------ Supplied data ------

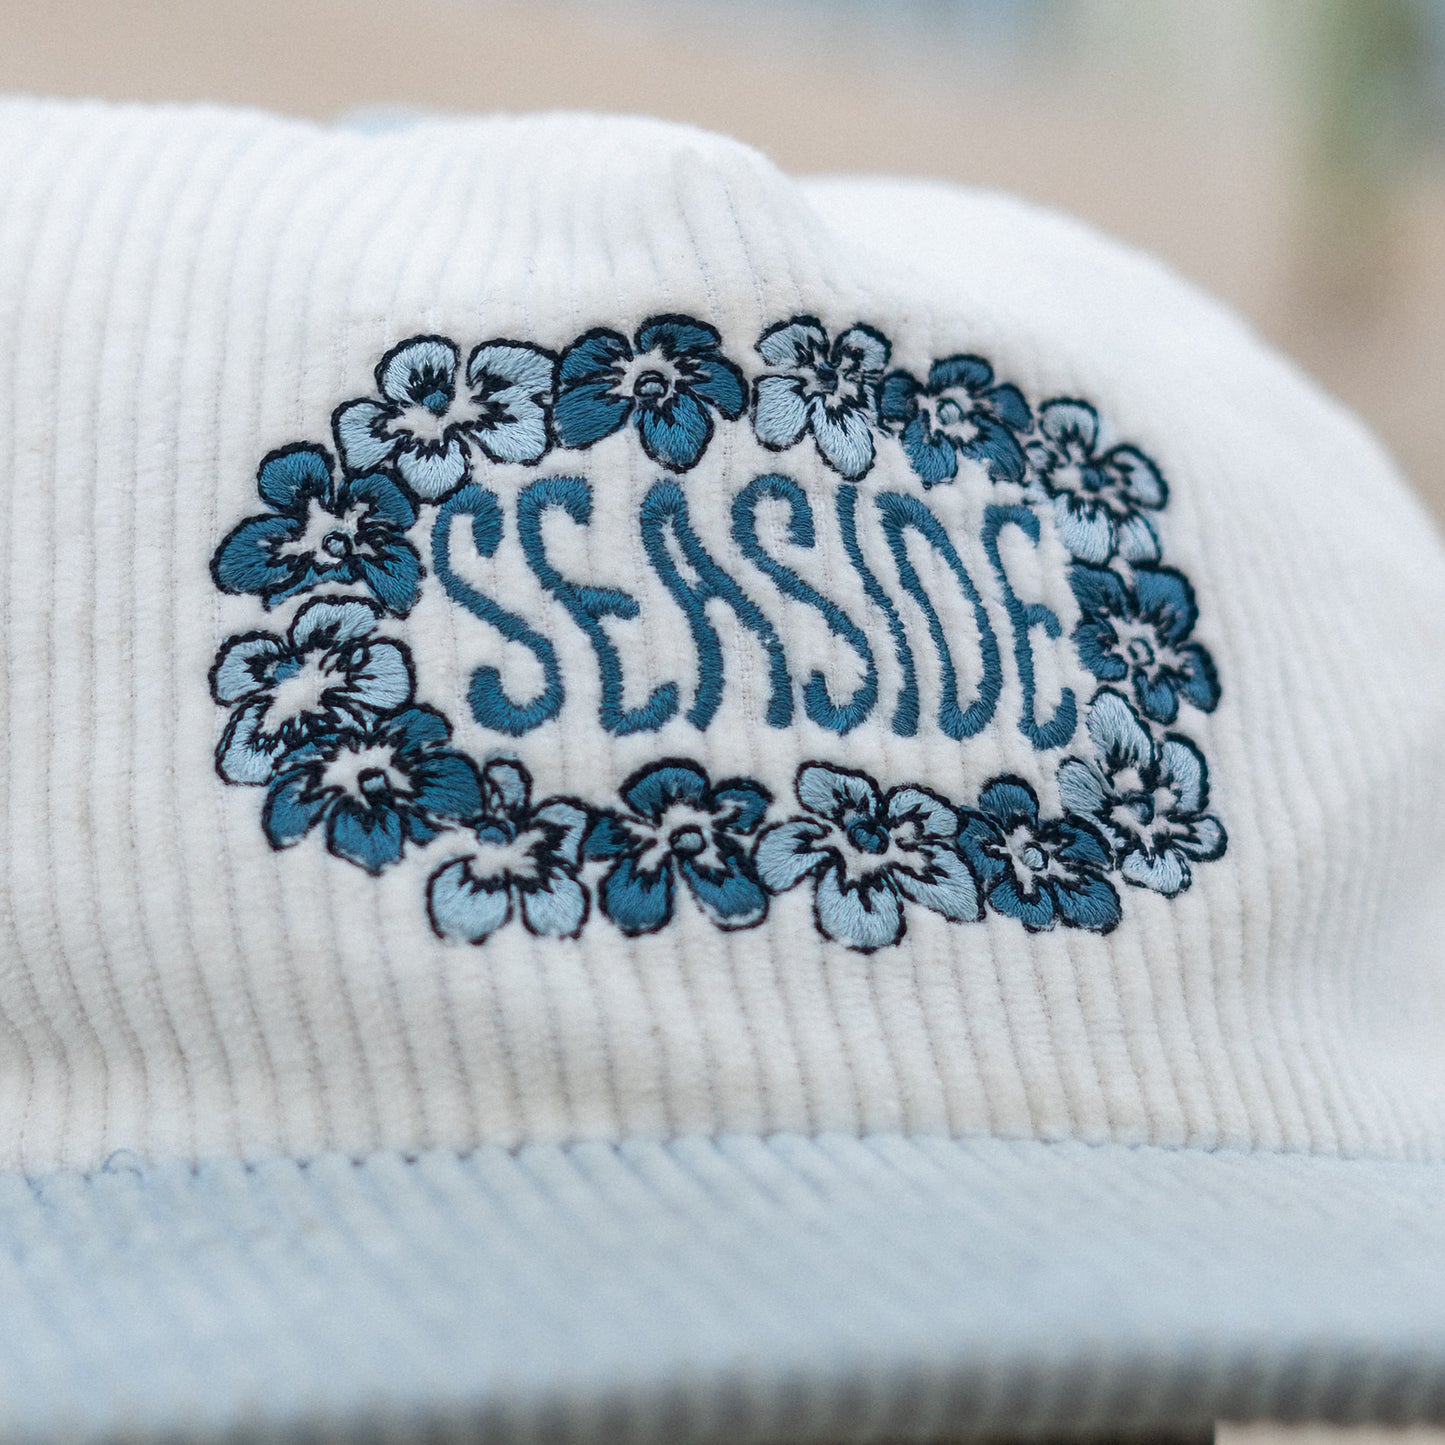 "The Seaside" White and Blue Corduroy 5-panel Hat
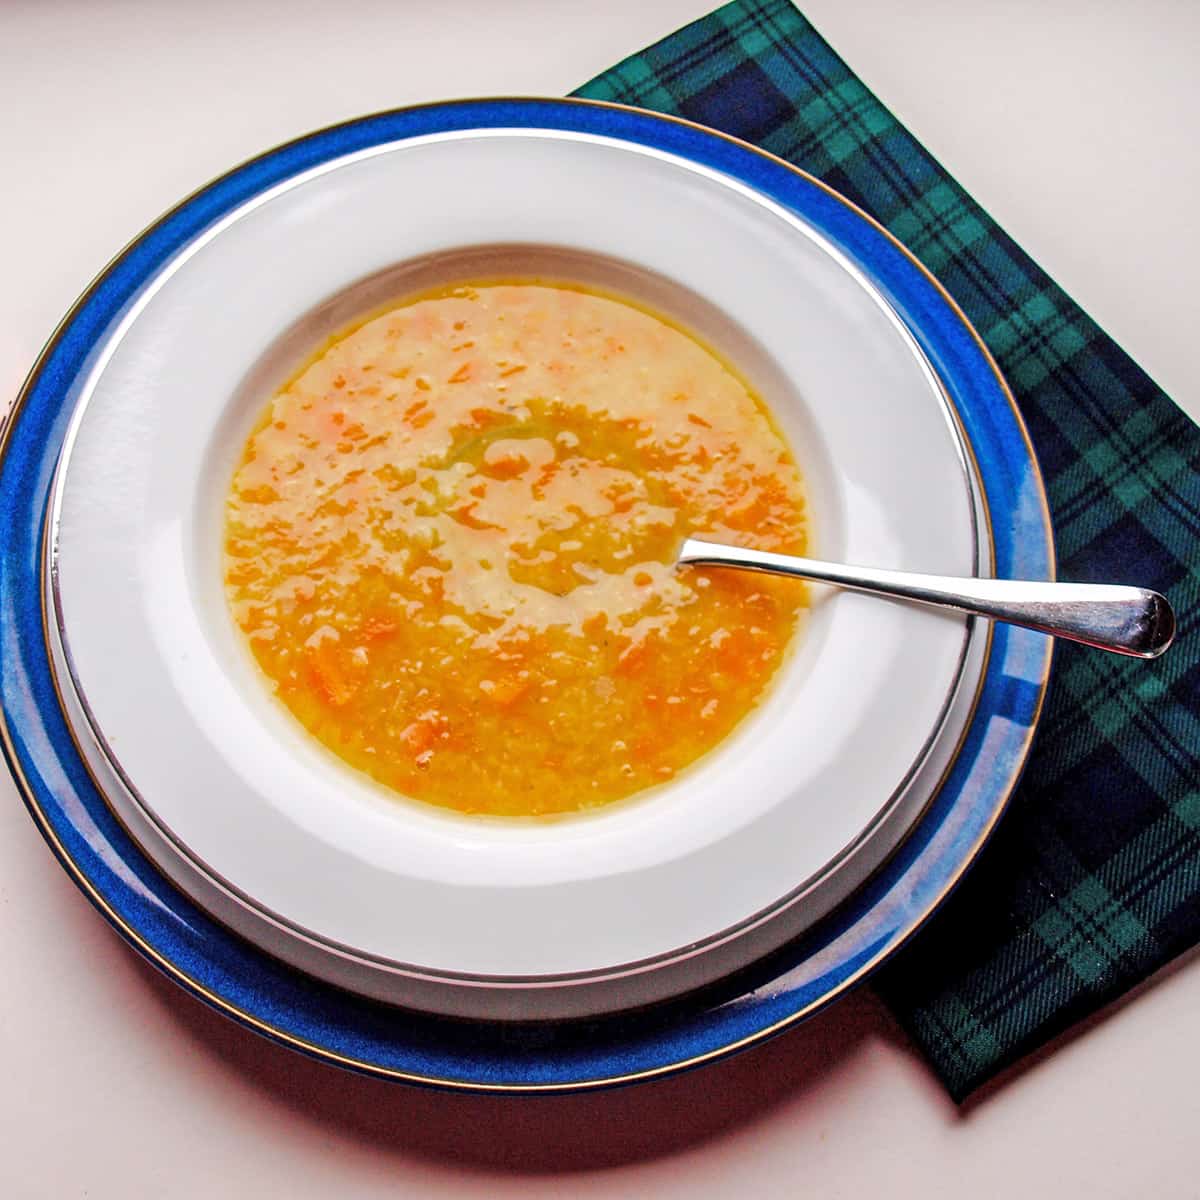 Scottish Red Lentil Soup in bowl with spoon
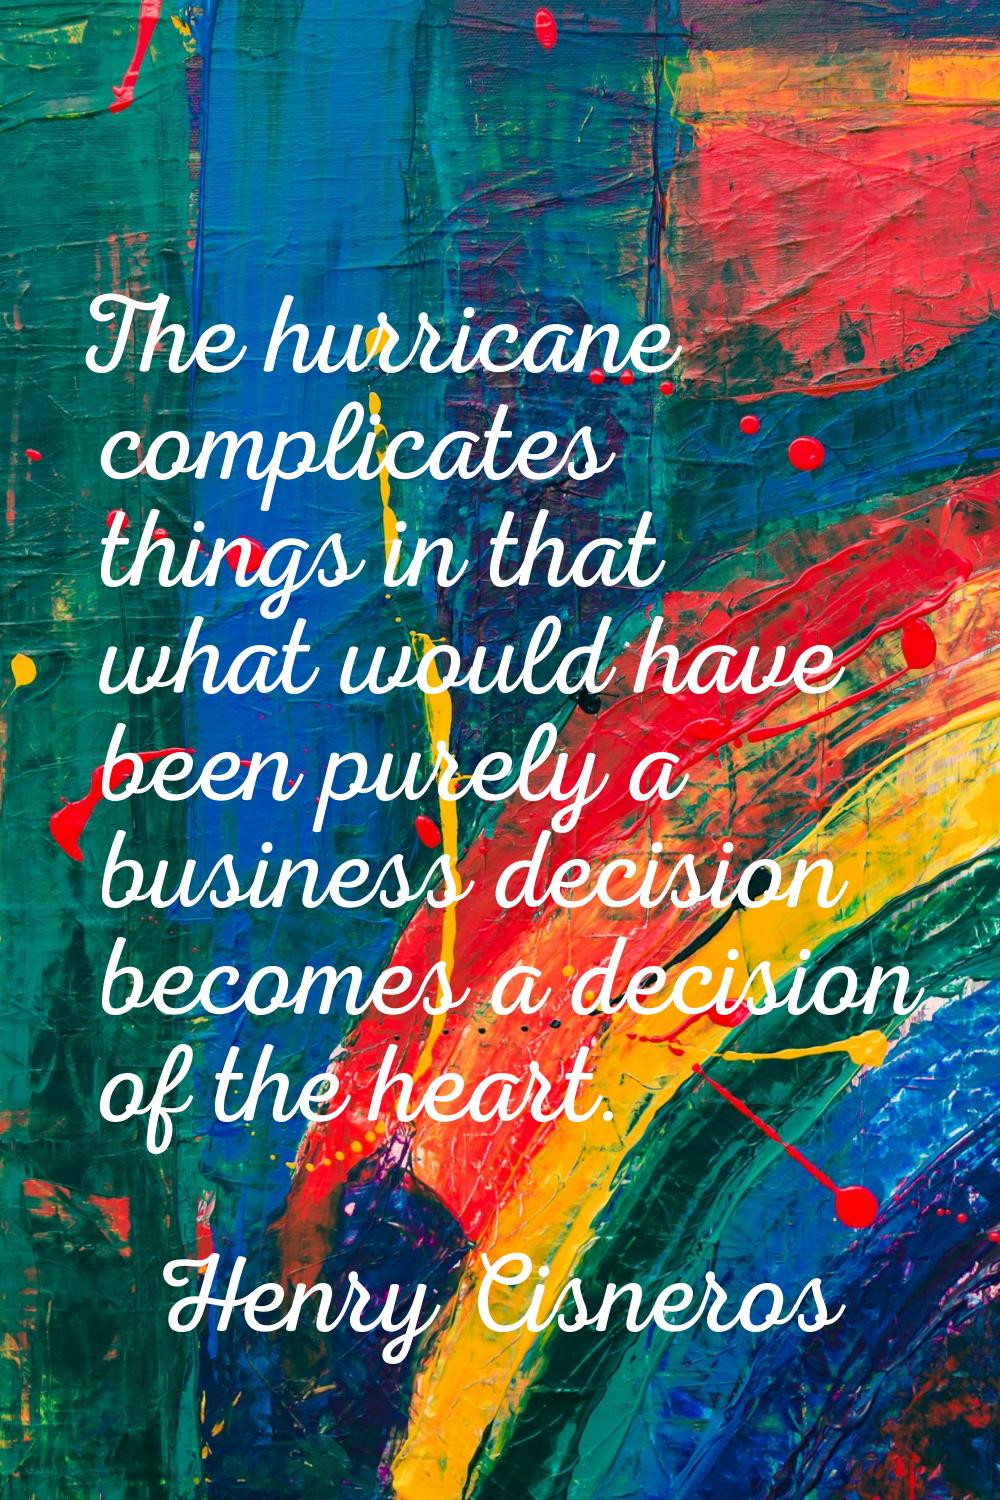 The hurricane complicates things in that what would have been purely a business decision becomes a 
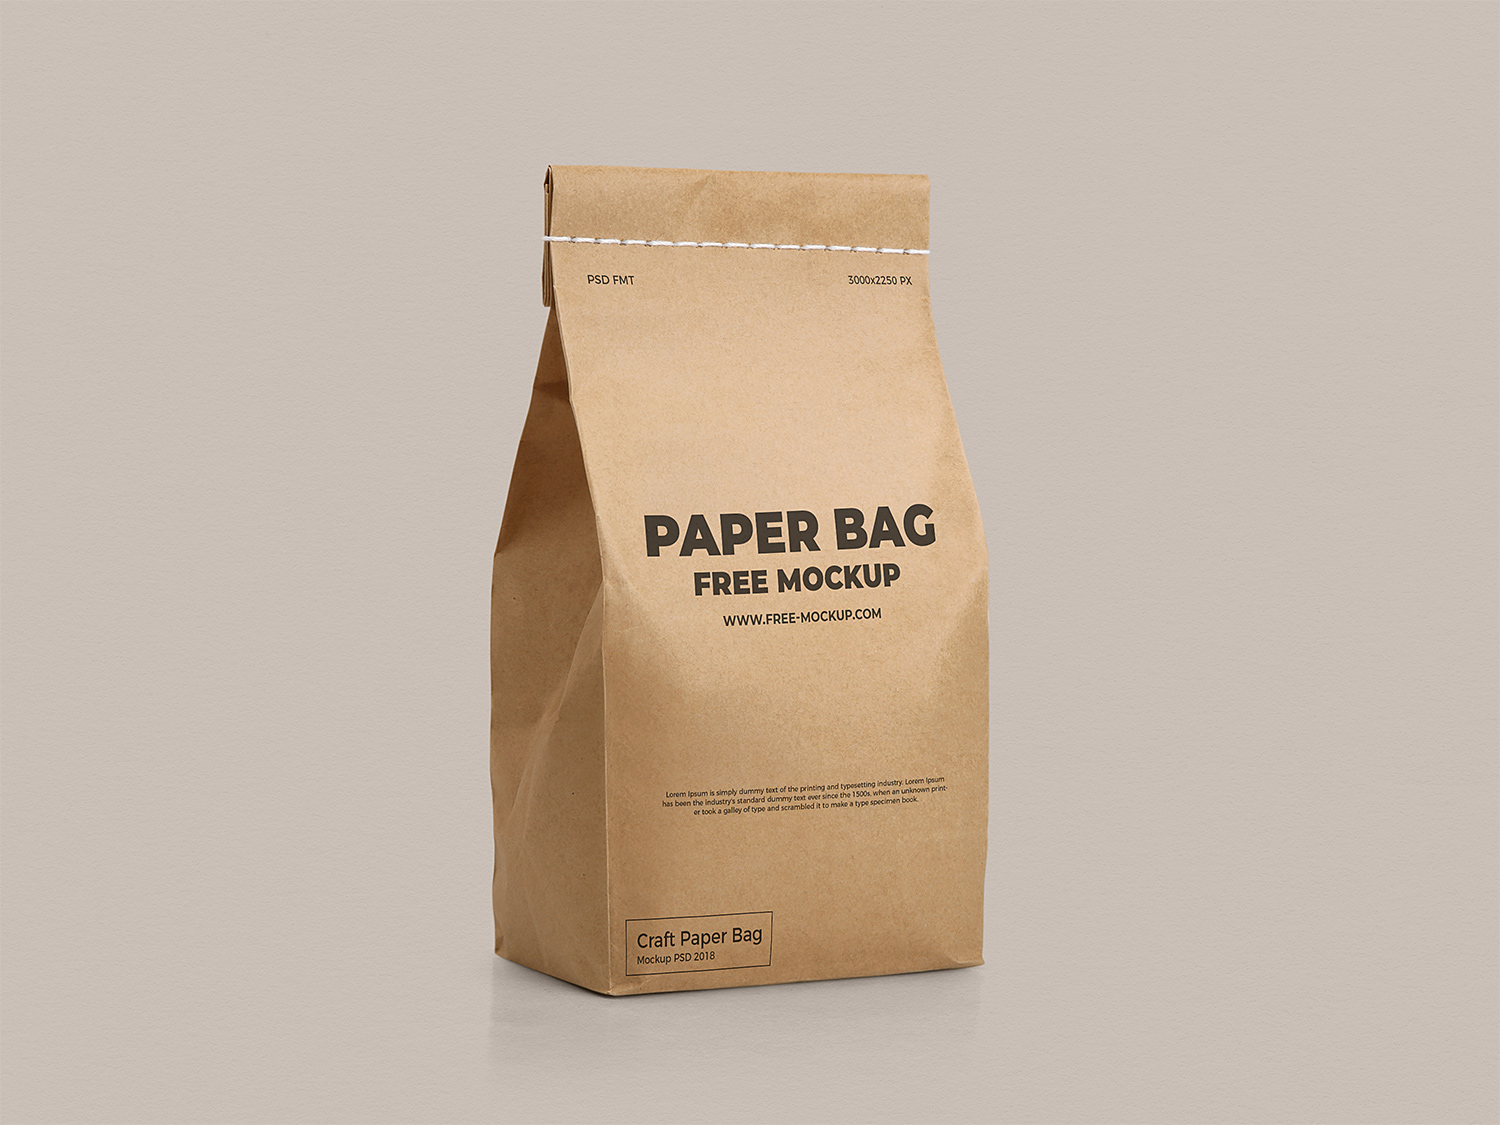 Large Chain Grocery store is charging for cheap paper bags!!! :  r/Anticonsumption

------

» **Exercise prompt**:
Without the pictures, copy the material exactly as given.

» **Reply**:
 "The Seaside" White and Blue Corduroy 5-panel Hat
 Scottish Red Lentil Soup in bowl with spoon
 The hurricane complicates things in that what would have been purely a business decision becomes a 
 Large Chain Grocery store is charging for cheap paper bags!!! :  r/Anticonsumption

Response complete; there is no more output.